In dem einen Jahr ihrer Machtausübung festigte das Militär die Kontrolle über Thailands Politik und erließ eine neue Verfassung. Sie war dazu bestimmt, den judikativen Arm des Staates, eine ausgewählte Gruppe von ideologisch königstreuen Beamten, und das Militär zu ermächtigen, politische Parteien auflösen und ihre Führer und Apparate von der parlamentarischen Bühne für bestimmte Zeit verbannen zu können, und damit einer Reihe von sanften Putschen, wie sie 2008 zweimal in Thailand stattgefunden haben, die Tür zu öffnen. Diese Verfassung, die zwar formal legal etabliert wurde, ging in Wahrheit aber nur vor dem Hintergrund eines Verbots von politischer Aktivität vonstatten. Keine Ablehnungskampagne war erlaubt, nur die vom Militär unterstützte „Ja“-Kampagne.
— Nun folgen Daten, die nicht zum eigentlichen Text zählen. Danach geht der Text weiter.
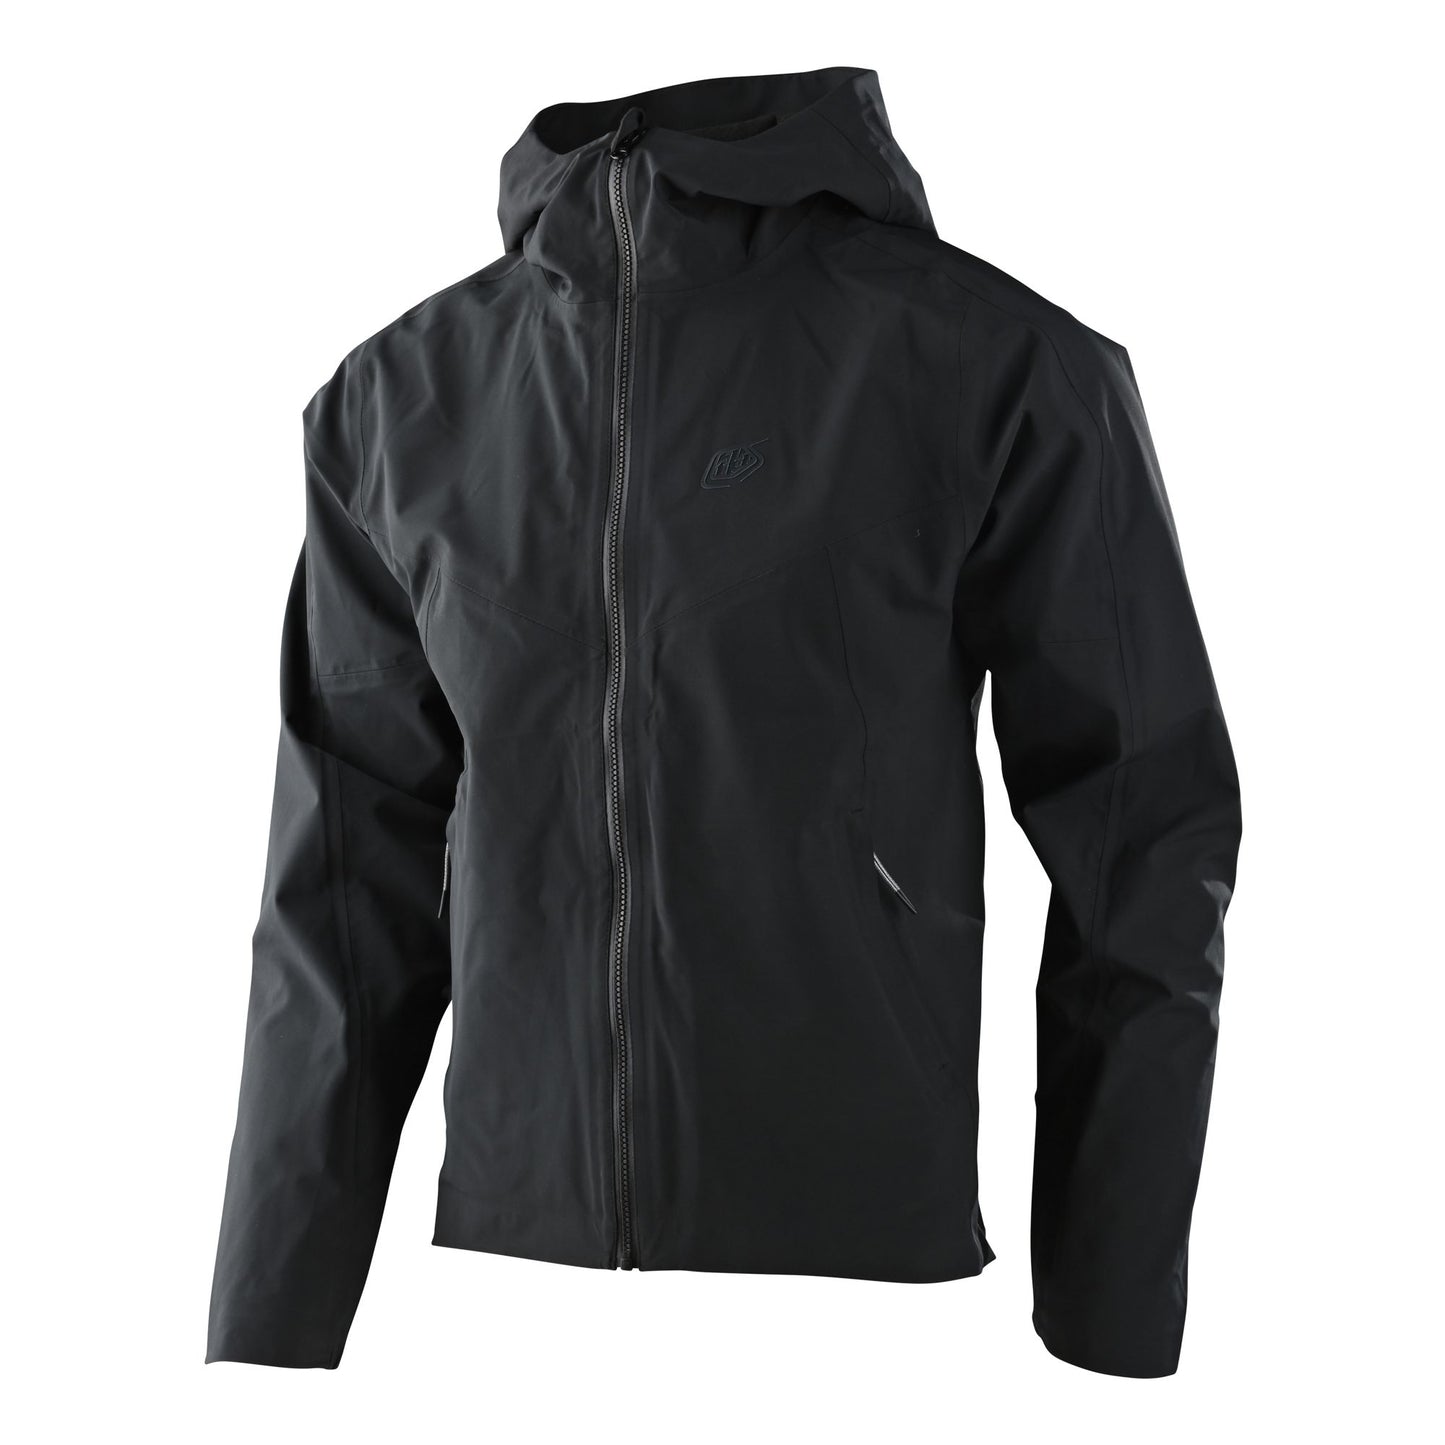 Troy Lee Designs Descent Jacket Solid Black Jackets & Vests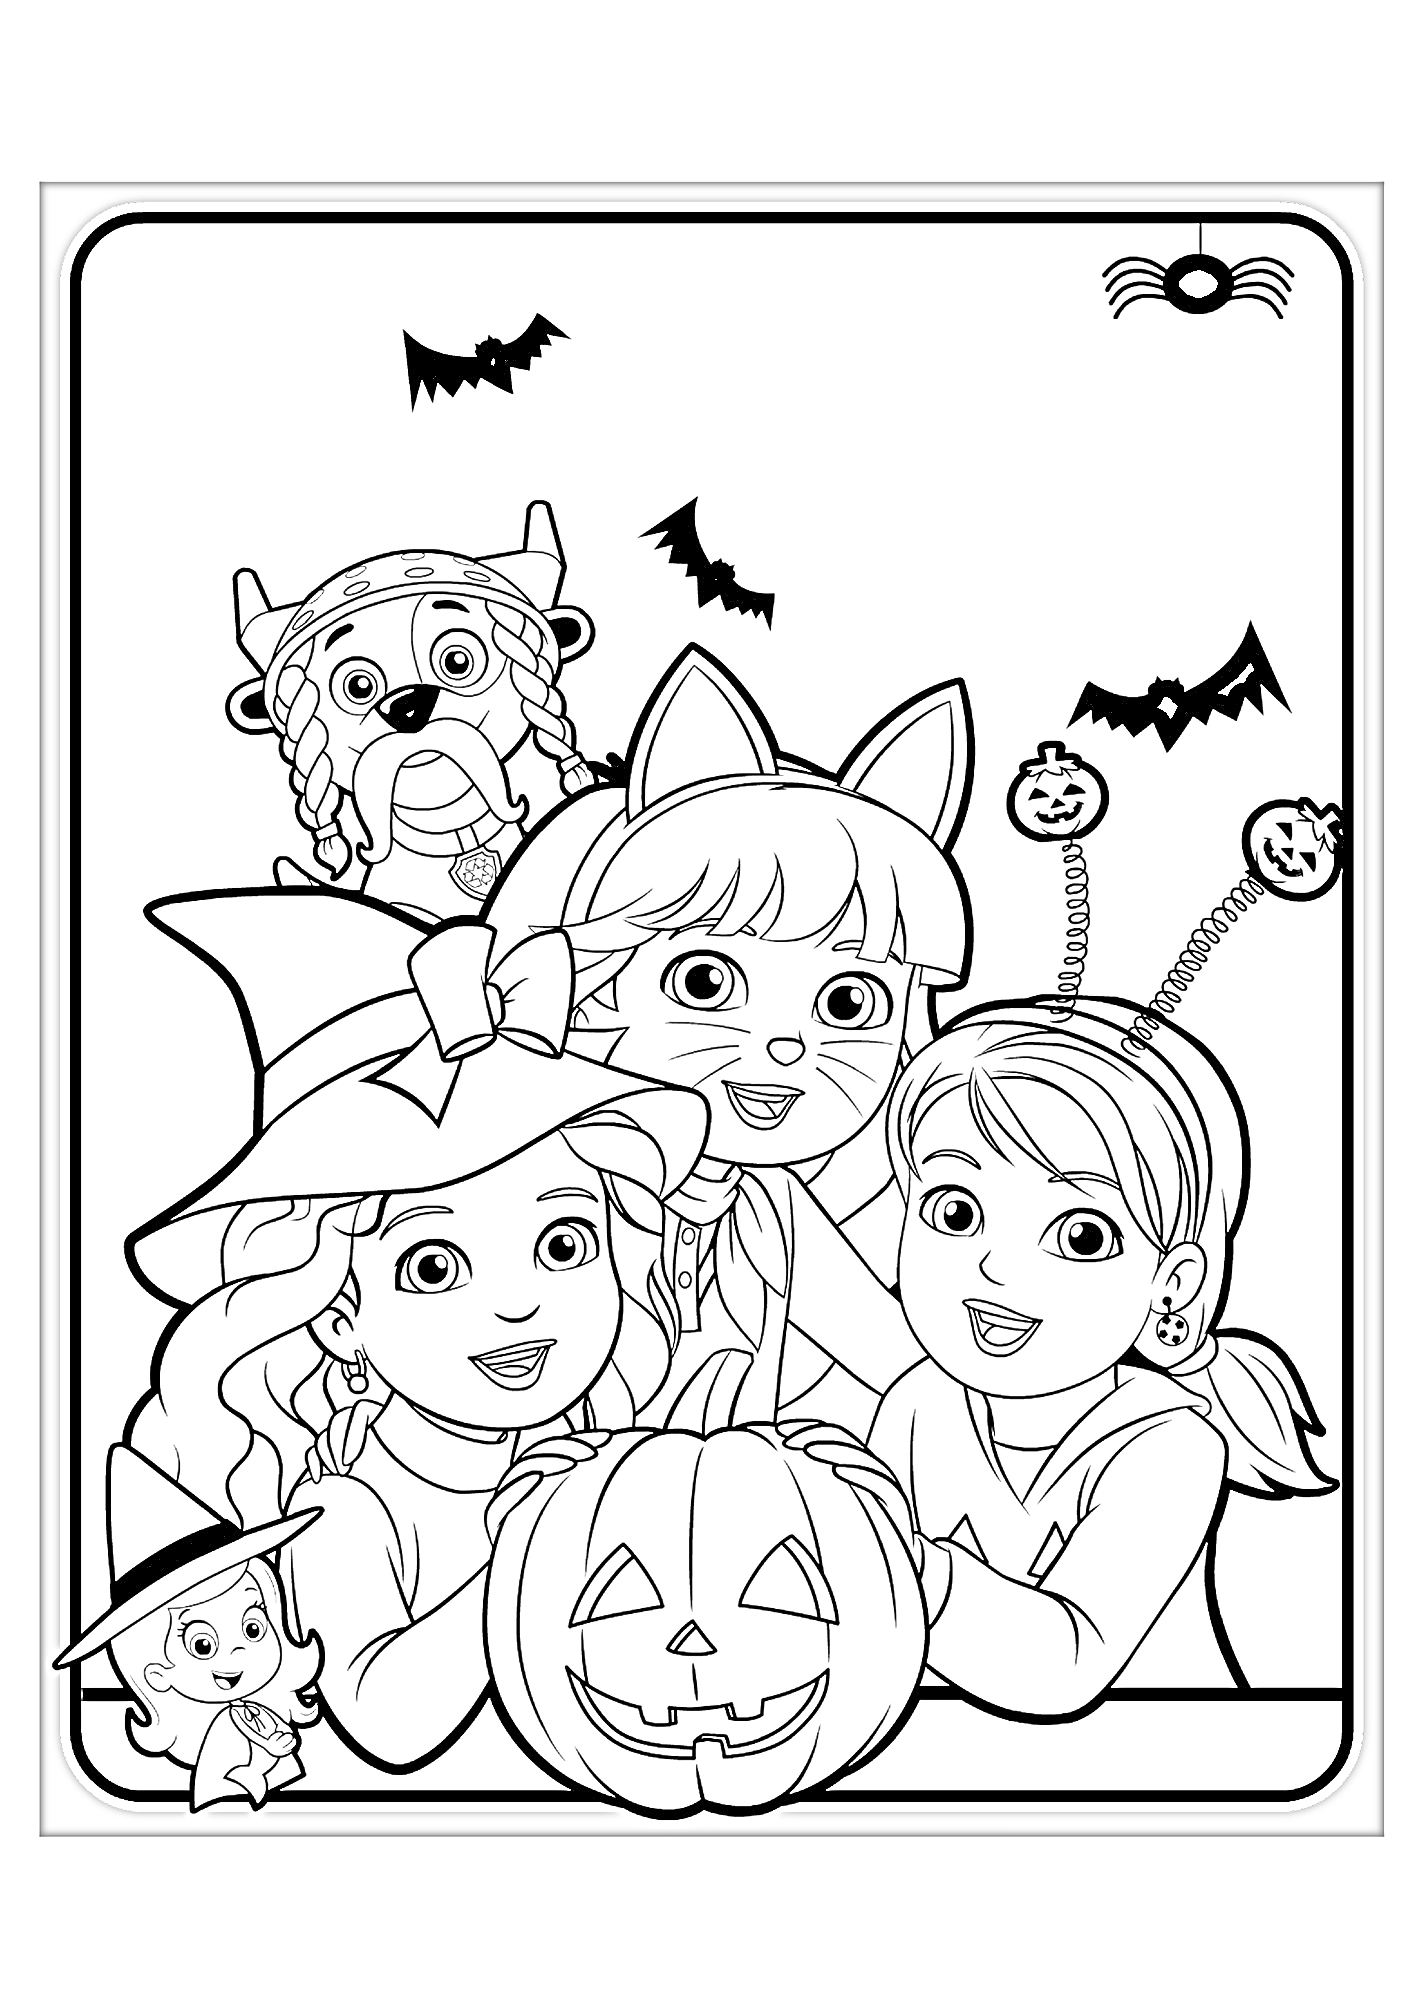 Даша и друзья на Хэллоуин: костюмы ведьмы, кошки, маленького вампира и тыква фонарик, летучие мыши и паук на паутине

Trotz eines klaren Votums für die PPP enthoben die Verfassungsrichter Premierminister Samak Samaravedj am 9.9.08 seines Amtes, weil er als Gastgeber einer Kochshow Geld erhalten hatte. Der unmittelbare Hintergrund dieser Entscheidung, was während des zweiten Verfassungsputsches im Dezember noch deutlicher wurde, waren die Proteste der PAD, die am 26.9.08 mit der Besetzung des Regierungssitzes begonnen hatten.

Nach der Steigerung der Proteste durch die Besetzung der beiden Hauptflughäfen Bangkoks von „Gelbhemden“ als AnhängerInnen der PAD wurden die PPP und zwei kleinere Parteien durch das Verfassungsgericht am 2.12.08 aufgelöst - vorgeblich wegen Wahlbetrugs, was zwar stimmte, aber für alle Thai-Parteien zutrifft, die WählerInnen durch kleine Bestechungen zur Stimmabgabe veranlassen.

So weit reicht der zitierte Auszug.